Ronald M. Salvatore ’64

Ronald M. Salvatore ’64


Ronald M. Salvatore ’64 started Stamford-based Accurate Lock & Hardware in 1972 with three part-time employees. Fifty years and more than 100 employees later, the custom lock and hardware manufacturing company has stood the test of time in lower Fairfield County, claiming a space as the largest manufacturer in the city.

The company has grown to offer three different kinds of products and services: it serves as an original equipment manufacturer (OEM) to sell mechanical components to be used with hardware; it produces institutional safety hardware used in behavioral health settings; and it provides high-end, custom-made residential hardware. Accurate Lock & Hardware has even done high-profile work such as restoration on hardware at the White House, the Statue of Liberty and Ellis Island, and the National Diet Building in Japan.

The company has also grown to be something of a family business. Salvatore’s sons, Rodd and Reed, have since joined Accurate Lock & Hardware in leadership roles, and Reed has joined his father on the School of Engineering’s Advisory Board.

Reed was interviewed recently about a Fairfield cohort program aimed at giving engineering students real-life experience at Accurate Lock:

Describe the program for students: What do they work on? How do they get involved? What are the outcomes?
The students were selected by the faculty. Based on knowing what our program is and what our business is about, Fairfield found five students who they thought would be a good fit to work with us throughout the summer.

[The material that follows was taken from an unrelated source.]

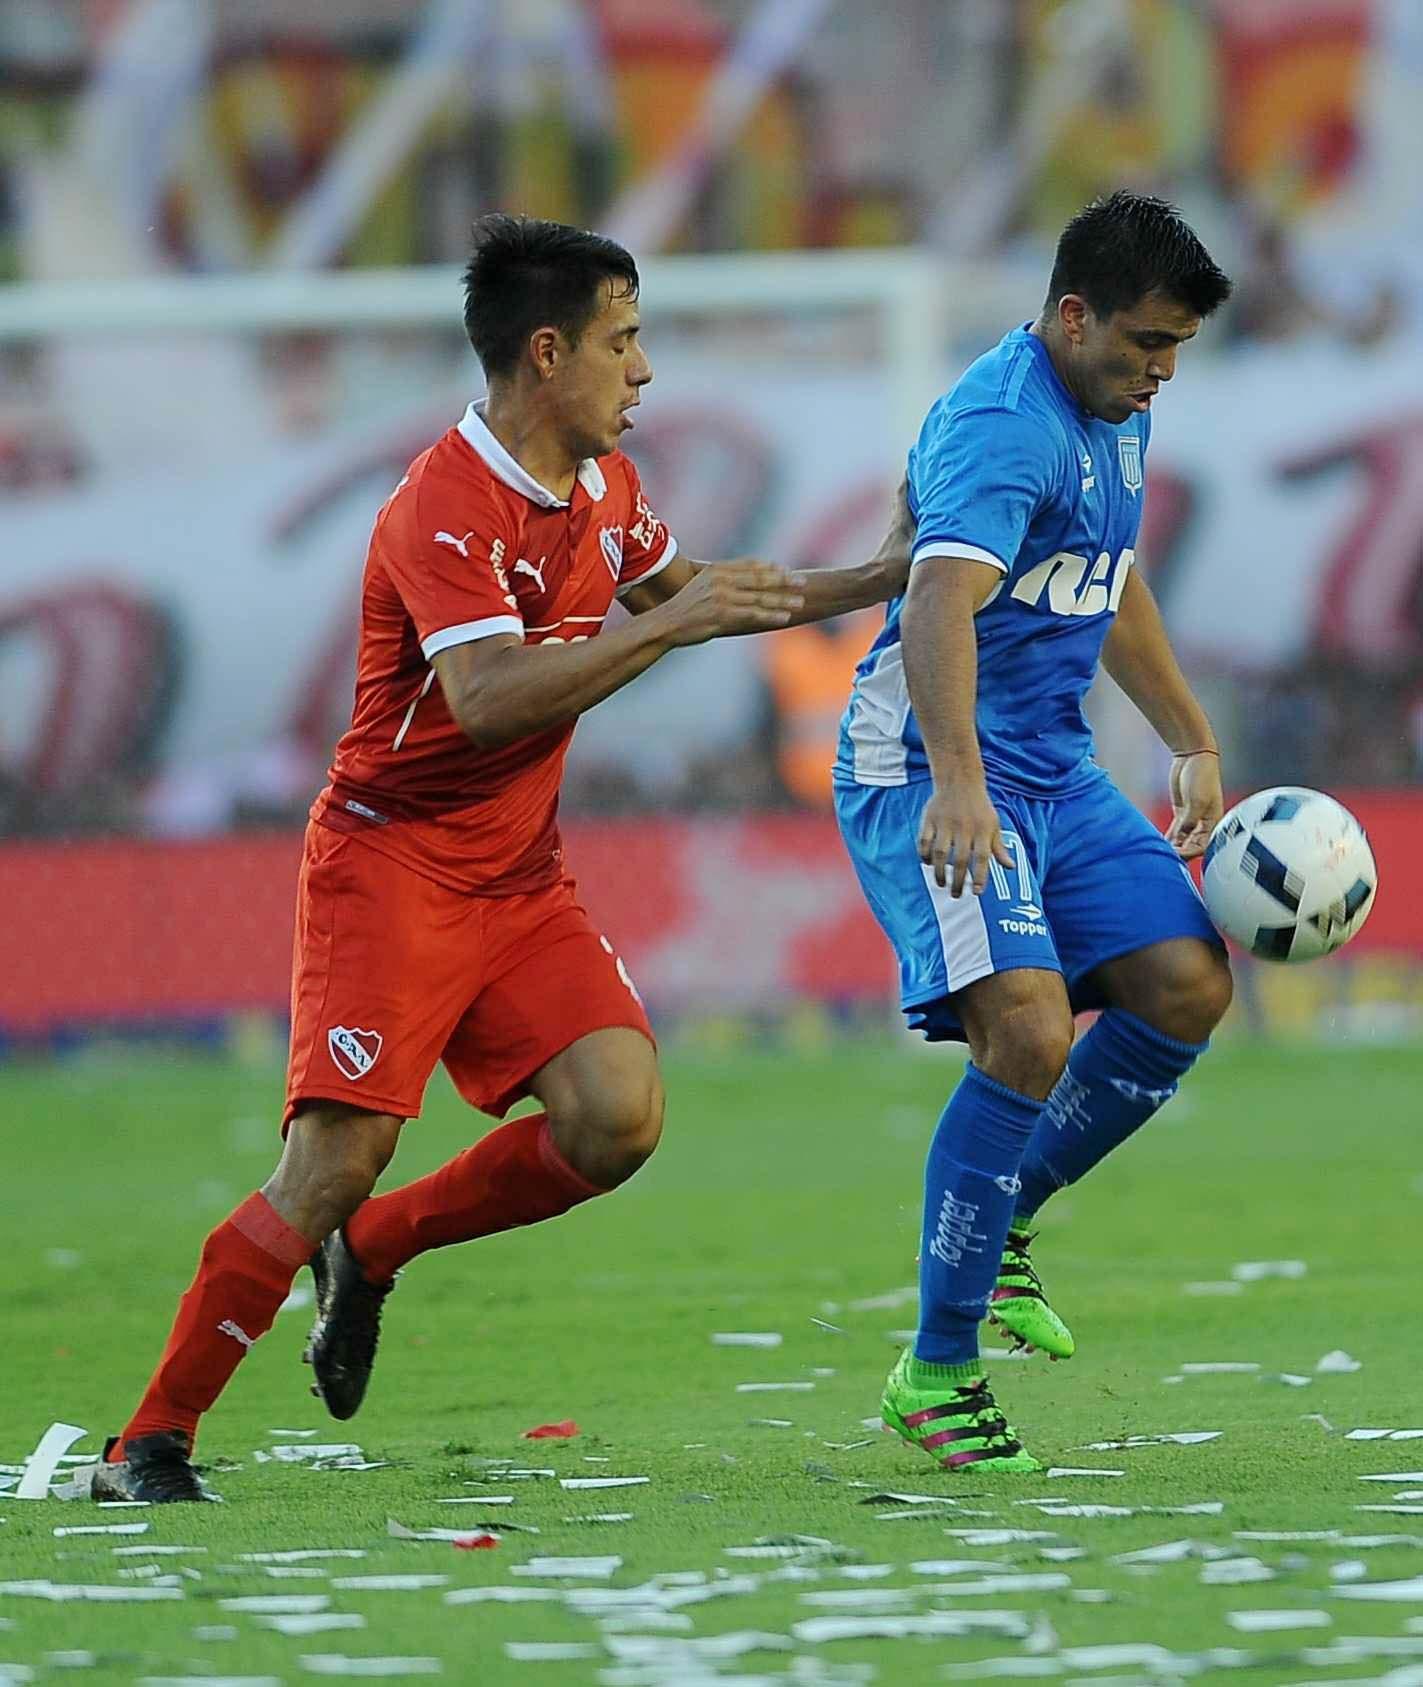 Con un golazo de Lisandro López, Racing le empató el clásico a Independiente

Our goal is to give the students as much hands-on experience as possible and try to apply it to what they’re learning in the classroom. So, we set up a program where they are rotated through a four-week program. We had them work in the company to try to understand a little bit about our business, how it works, and operational flow.

On our end, we get some benefits by having intelligent, well-trained students spend some time working with us. We give them some problems that they can work on from an engineering standpoint that hopefully result in some creative solutions. And potentially, if there’s an opportunity and there’s a good fit, we can offer a longer-term relationship with any of these students.

What has the feedback been like from students?
The feedback has been very positive. Students were really engaged. It didn’t make a difference what they were doing, they were all really thoughtful and asked good questions.

Our business is pretty unique because we go from concept to product quickly. So they can actually come up with an idea, then we’ll prototype it and make it, and we might even sell it as part of a customized solution — all in the time that they’re here. Obviously, we’re trying to get the value out of what we’re doing with them, but in a positive, really constructive way that keeps them busy and interested.

How do you hope to continue this program and your relationship with the School of Engineering going forward?
It’s a great way for us to get to know some of the students at Fairfield who work with us, and it’s a great way for them to get to know us. There’s a great deal of satisfaction that comes from helping people in this way.